_ACTION ITEM:_ Down to the final line, return the records unchanged.

_RECORDED DATA:_
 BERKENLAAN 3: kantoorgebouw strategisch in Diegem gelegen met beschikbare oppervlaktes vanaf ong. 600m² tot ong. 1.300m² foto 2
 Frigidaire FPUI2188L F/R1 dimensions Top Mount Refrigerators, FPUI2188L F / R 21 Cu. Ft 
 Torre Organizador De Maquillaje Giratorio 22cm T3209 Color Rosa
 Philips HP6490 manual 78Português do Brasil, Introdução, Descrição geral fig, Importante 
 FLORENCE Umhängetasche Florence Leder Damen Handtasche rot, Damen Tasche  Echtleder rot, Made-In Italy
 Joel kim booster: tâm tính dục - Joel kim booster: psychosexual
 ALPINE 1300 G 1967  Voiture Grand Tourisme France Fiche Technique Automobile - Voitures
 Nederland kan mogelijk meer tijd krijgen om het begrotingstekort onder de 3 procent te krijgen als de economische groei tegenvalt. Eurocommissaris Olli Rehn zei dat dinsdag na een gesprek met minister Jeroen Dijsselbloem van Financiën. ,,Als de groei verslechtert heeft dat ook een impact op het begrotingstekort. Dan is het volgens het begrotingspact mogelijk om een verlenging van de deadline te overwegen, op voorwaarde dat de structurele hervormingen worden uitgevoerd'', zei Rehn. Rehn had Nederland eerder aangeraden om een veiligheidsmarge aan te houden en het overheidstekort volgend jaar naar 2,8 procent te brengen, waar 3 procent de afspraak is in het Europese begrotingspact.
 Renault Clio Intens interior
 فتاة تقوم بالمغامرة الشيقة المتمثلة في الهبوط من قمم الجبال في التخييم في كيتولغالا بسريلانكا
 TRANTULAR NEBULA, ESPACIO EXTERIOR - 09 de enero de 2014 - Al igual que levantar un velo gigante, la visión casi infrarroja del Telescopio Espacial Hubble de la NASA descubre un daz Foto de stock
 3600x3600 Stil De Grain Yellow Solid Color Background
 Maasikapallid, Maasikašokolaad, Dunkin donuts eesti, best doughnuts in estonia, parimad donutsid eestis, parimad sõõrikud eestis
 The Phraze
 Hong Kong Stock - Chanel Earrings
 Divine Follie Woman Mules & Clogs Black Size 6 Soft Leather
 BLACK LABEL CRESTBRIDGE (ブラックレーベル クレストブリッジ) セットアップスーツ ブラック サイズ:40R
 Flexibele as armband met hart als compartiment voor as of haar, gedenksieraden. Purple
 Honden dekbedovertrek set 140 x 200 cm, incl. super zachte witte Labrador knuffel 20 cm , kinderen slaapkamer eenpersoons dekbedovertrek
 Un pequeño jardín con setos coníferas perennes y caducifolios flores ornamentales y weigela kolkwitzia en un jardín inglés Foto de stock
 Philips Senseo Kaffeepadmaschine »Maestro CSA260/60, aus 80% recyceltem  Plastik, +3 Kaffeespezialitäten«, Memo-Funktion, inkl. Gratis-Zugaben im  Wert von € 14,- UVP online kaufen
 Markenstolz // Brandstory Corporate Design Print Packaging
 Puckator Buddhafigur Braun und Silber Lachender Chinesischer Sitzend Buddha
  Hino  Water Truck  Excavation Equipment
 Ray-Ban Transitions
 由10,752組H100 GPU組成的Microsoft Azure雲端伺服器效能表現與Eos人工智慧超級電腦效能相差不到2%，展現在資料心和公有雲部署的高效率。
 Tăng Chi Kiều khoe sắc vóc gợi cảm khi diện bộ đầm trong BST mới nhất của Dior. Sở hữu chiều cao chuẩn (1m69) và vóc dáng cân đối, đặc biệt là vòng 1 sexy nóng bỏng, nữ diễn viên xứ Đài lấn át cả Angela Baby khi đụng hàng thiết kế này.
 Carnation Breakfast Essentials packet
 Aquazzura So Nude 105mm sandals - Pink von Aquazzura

_RESPONSE:_
 BERKENLAAN 3: kantoorgebouw strategisch in Diegem gelegen met beschikbare oppervlaktes vanaf ong. 600m² tot ong. 1.300m² foto 2
 Frigidaire FPUI2188L F/R1 dimensions Top Mount Refrigerators, FPUI2188L F / R 21 Cu. Ft 
 Torre Organizador De Maquillaje Giratorio 22cm T3209 Color Rosa
 Philips HP6490 manual 78Português do Brasil, Introdução, Descrição geral fig, Importante 
 FLORENCE Umhängetasche Florence Leder Damen Handtasche rot, Damen Tasche  Echtleder rot, Made-In Italy
 Joel kim booster: tâm tính dục - Joel kim booster: psychosexual
 ALPINE 1300 G 1967  Voiture Grand Tourisme France Fiche Technique Automobile - Voitures
 Nederland kan mogelijk meer tijd krijgen om het begrotingstekort onder de 3 procent te krijgen als de economische groei tegenvalt. Eurocommissaris Olli Rehn zei dat dinsdag na een gesprek met minister Jeroen Dijsselbloem van Financiën. ,,Als de groei verslechtert heeft dat ook een impact op het begrotingstekort. Dan is het volgens het begrotingspact mogelijk om een verlenging van de deadline te overwegen, op voorwaarde dat de structurele hervormingen worden uitgevoerd'', zei Rehn. Rehn had Nederland eerder aangeraden om een veiligheidsmarge aan te houden en het overheidstekort volgend jaar naar 2,8 procent te brengen, waar 3 procent de afspraak is in het Europese begrotingspact.
 Renault Clio Intens interior
 فتاة تقوم بالمغامرة الشيقة المتمثلة في الهبوط من قمم الجبال في التخييم في كيتولغالا بسريلانكا
 TRANTULAR NEBULA, ESPACIO EXTERIOR - 09 de enero de 2014 - Al igual que levantar un velo gigante, la visión casi infrarroja del Telescopio Espacial Hubble de la NASA descubre un daz Foto de stock
 3600x3600 Stil De Grain Yellow Solid Color Background
 Maasikapallid, Maasikašokolaad, Dunkin donuts eesti, best doughnuts in estonia, parimad donutsid eestis, parimad sõõrikud eestis
 The Phraze
 Hong Kong Stock - Chanel Earrings
 Divine Follie Woman Mules & Clogs Black Size 6 Soft Leather
 BLACK LABEL CRESTBRIDGE (ブラックレーベル クレストブリッジ) セットアップスーツ ブラック サイズ:40R
 Flexibele as armband met hart als compartiment voor as of haar, gedenksieraden. Purple
 Honden dekbedovertrek set 140 x 200 cm, incl. super zachte witte Labrador knuffel 20 cm , kinderen slaapkamer eenpersoons dekbedovertrek
 Un pequeño jardín con setos coníferas perennes y caducifolios flores ornamentales y weigela kolkwitzia en un jardín inglés Foto de stock
 Philips Senseo Kaffeepadmaschine »Maestro CSA260/60, aus 80% recyceltem  Plastik, +3 Kaffeespezialitäten«, Memo-Funktion, inkl. Gratis-Zugaben im  Wert von € 14,- UVP online kaufen
 Markenstolz // Brandstory Corporate Design Print Packaging
 Puckator Buddhafigur Braun und Silber Lachender Chinesischer Sitzend Buddha
  Hino  Water Truck  Excavation Equipment
 Ray-Ban Transitions
 由10,752組H100 GPU組成的Microsoft Azure雲端伺服器效能表現與Eos人工智慧超級電腦效能相差不到2%，展現在資料心和公有雲部署的高效率。
 Tăng Chi Kiều khoe sắc vóc gợi cảm khi diện bộ đầm trong BST mới nhất của Dior. Sở hữu chiều cao chuẩn (1m69) và vóc dáng cân đối, đặc biệt là vòng 1 sexy nóng bỏng, nữ diễn viên xứ Đài lấn át cả Angela Baby khi đụng hàng thiết kế này.
 Carnation Breakfast Essentials packet
 Aquazzura So Nude 105mm sandals - Pink von Aquazzura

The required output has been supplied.